(Records from a data source)
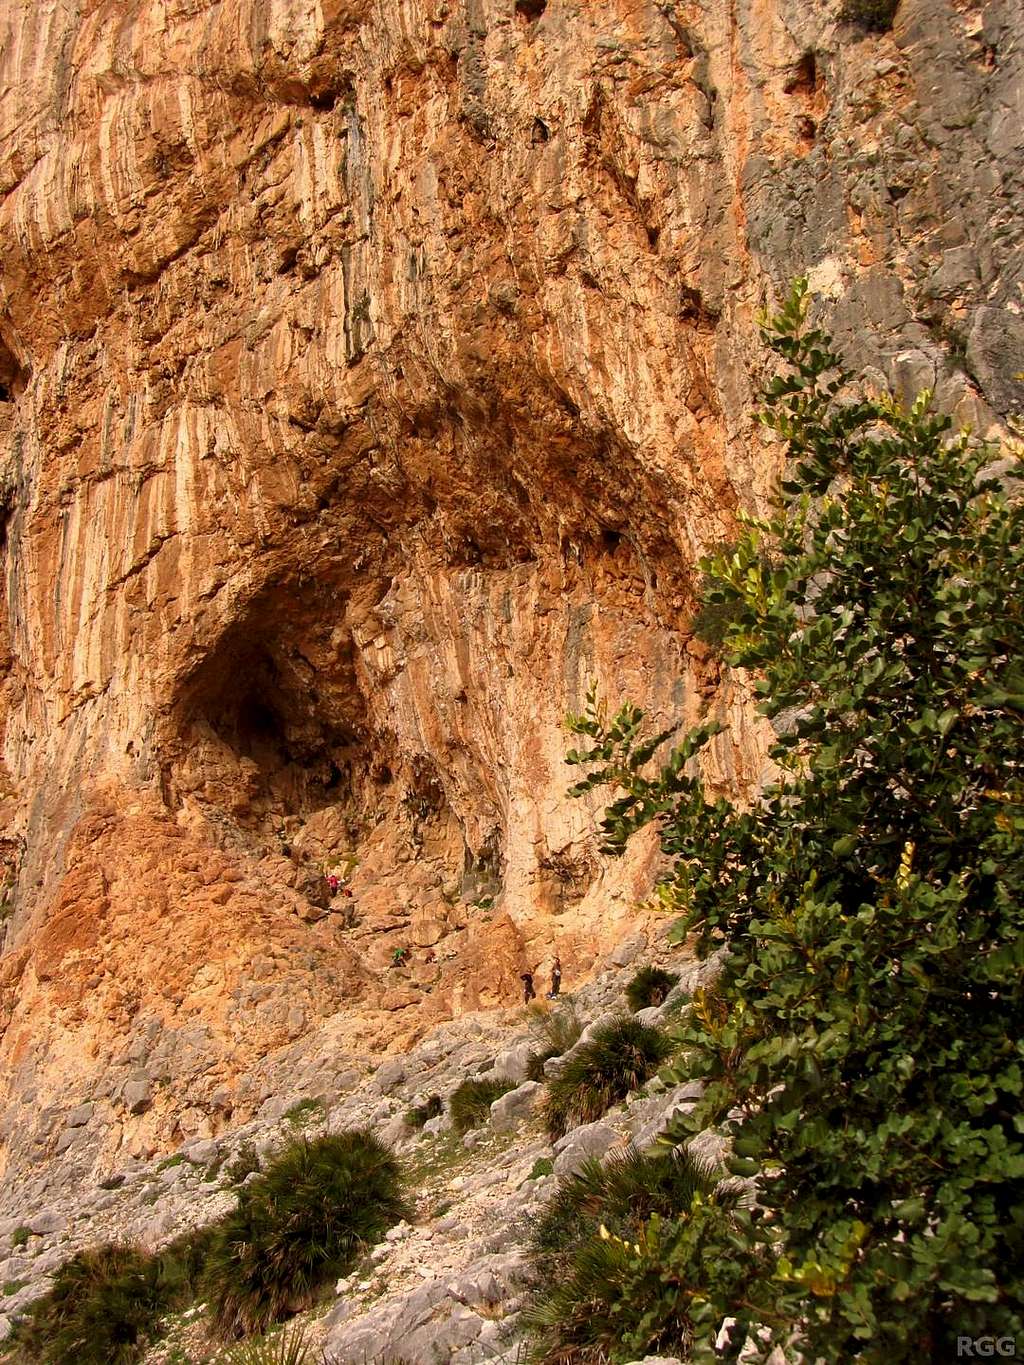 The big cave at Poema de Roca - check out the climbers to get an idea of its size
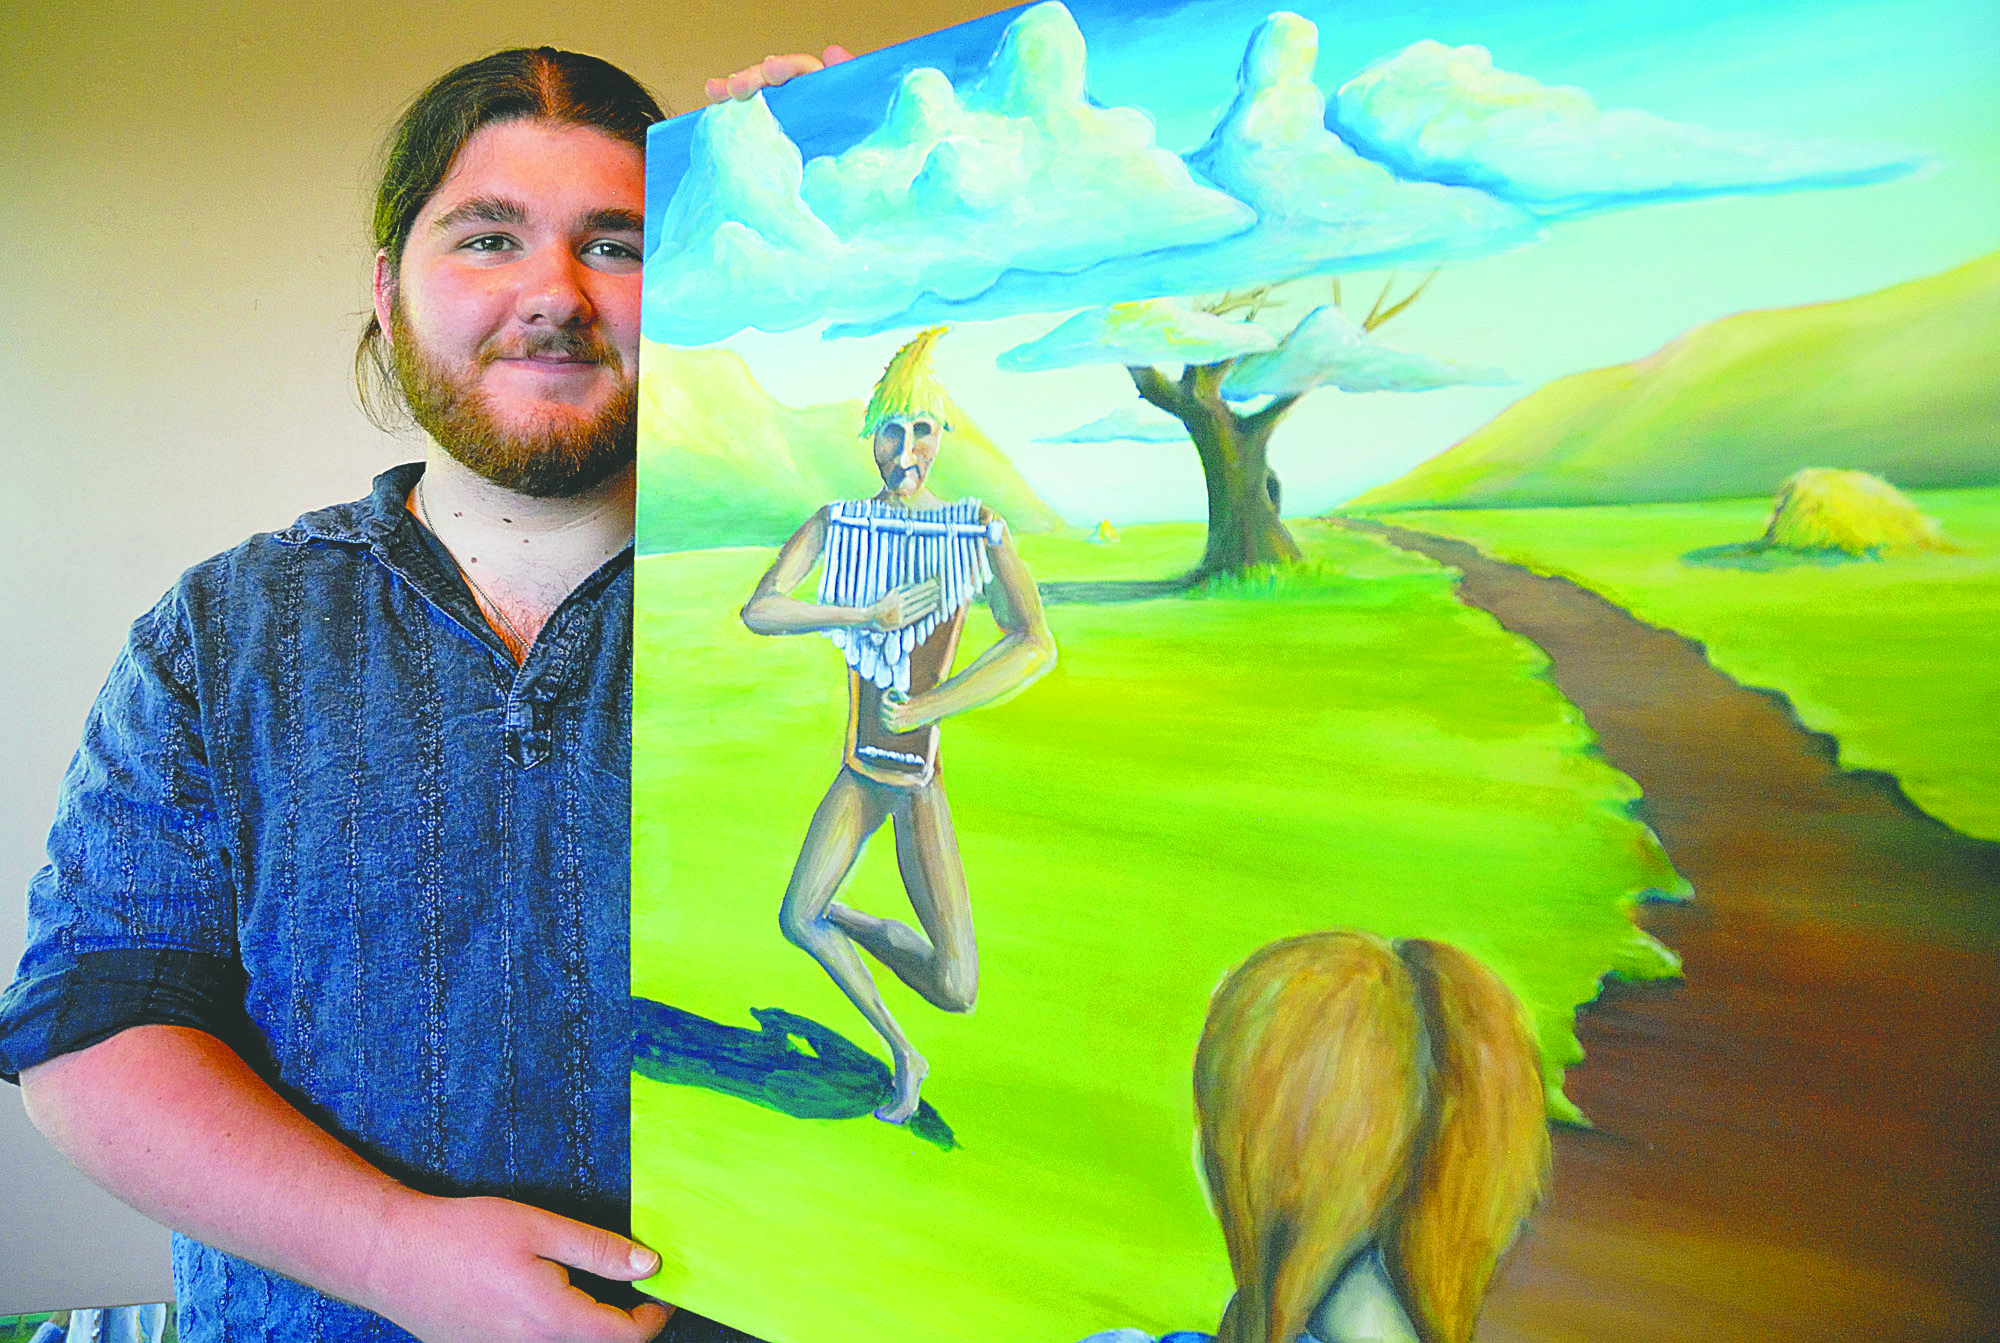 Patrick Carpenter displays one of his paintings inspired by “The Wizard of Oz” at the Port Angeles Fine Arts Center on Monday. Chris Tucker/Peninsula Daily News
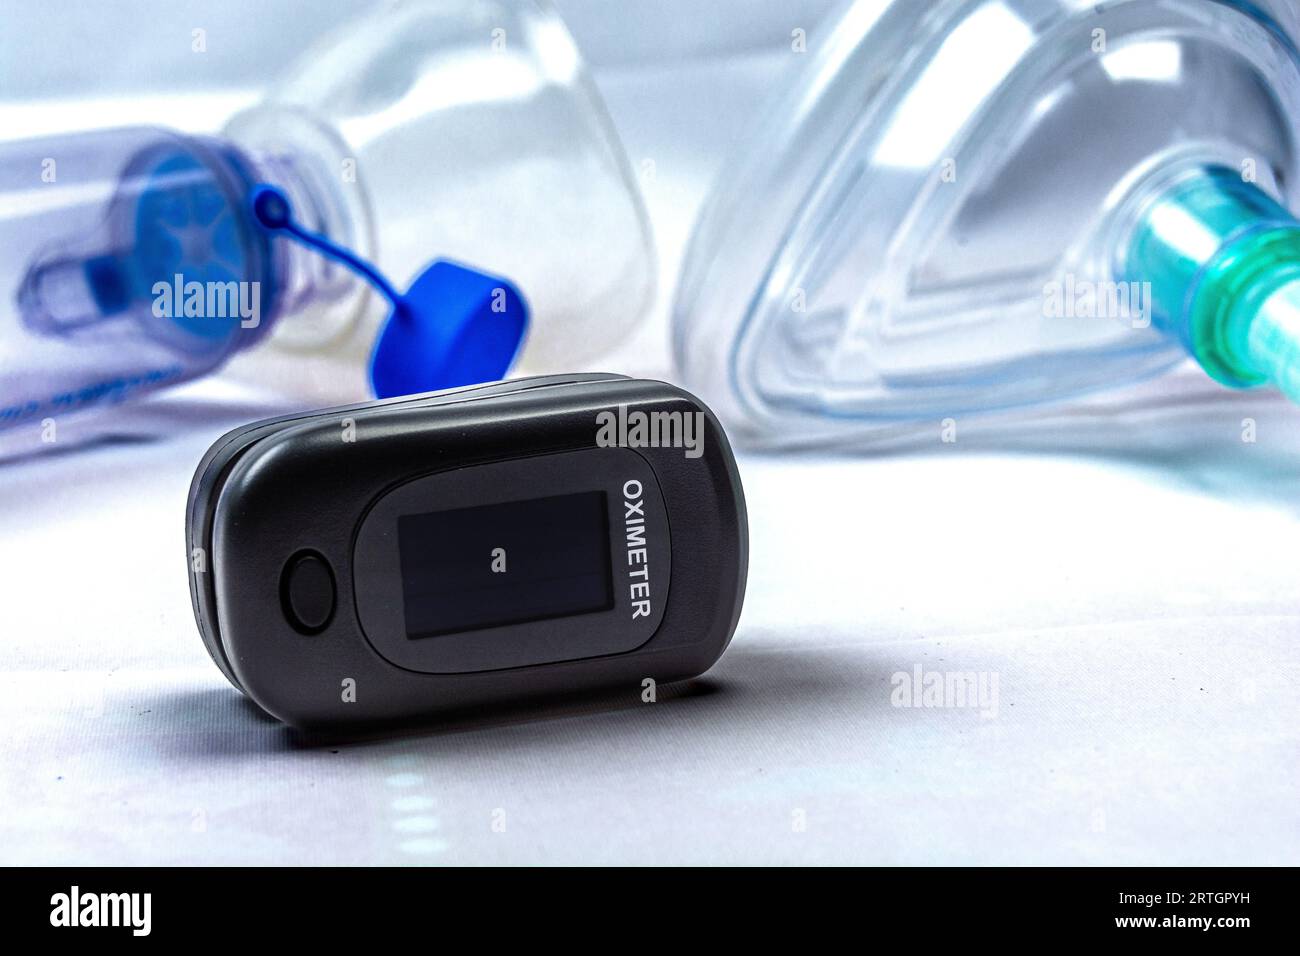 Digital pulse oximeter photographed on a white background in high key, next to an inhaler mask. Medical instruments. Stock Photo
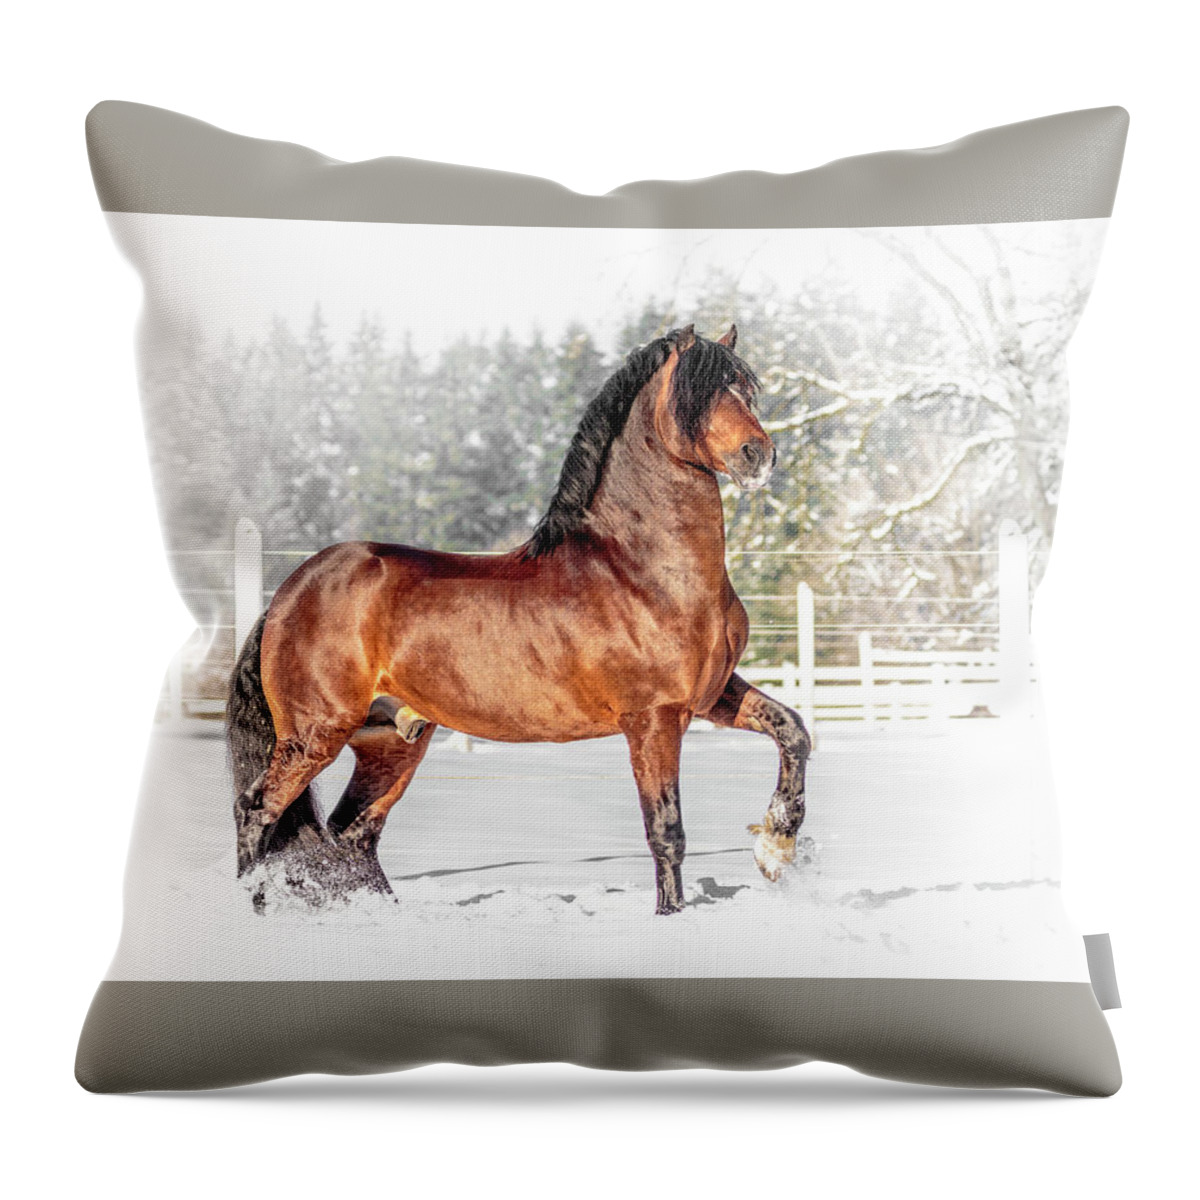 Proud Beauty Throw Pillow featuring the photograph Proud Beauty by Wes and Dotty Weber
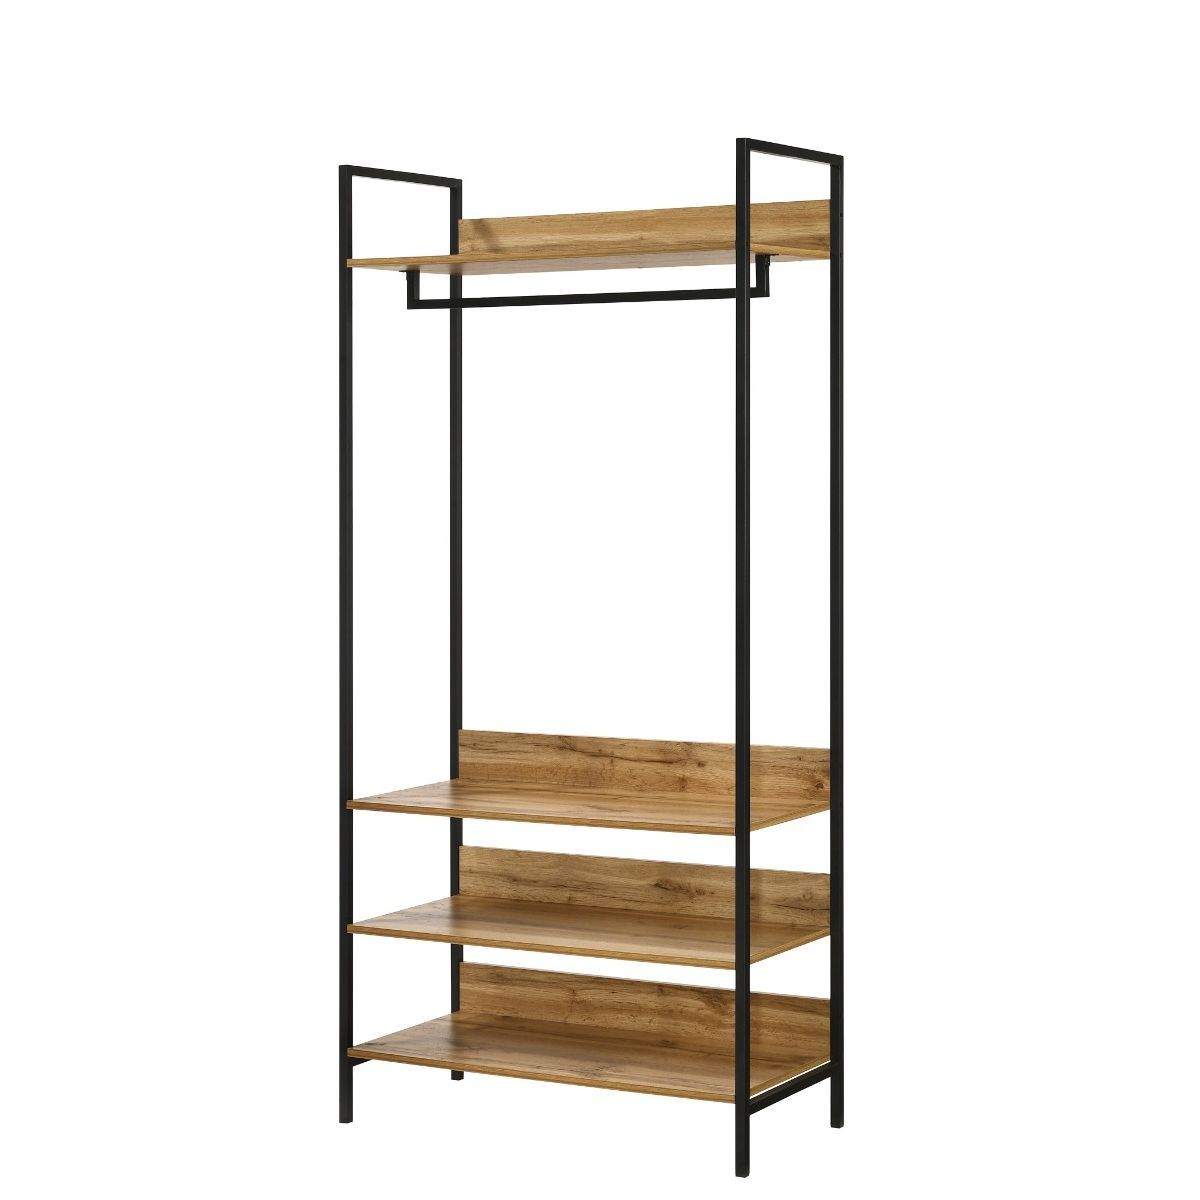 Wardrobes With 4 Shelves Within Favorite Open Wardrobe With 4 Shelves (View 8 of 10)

▶ [Problem to solve] Apart from the pictures, every line of the data above should be given again exactly.

▶ [Problem solution]
 The big cave at Poema de Roca - check out the climbers to get an idea of its size
 Patrick Carpenter displays one of his paintings inspired by “The Wizard of Oz” at the Port Angeles Fine Arts Center on Monday. Chris Tucker/Peninsula Daily News
 Digital pulse oximeter photographed on a white background in high key, next to an inhaler mask. Medical instruments. Stock Photo
 Proud Beauty Throw Pillow featuring the photograph Proud Beauty by Wes and Dotty Weber
 Wardrobes With 4 Shelves Within Favorite Open Wardrobe With 4 Shelves (View 8 of 10)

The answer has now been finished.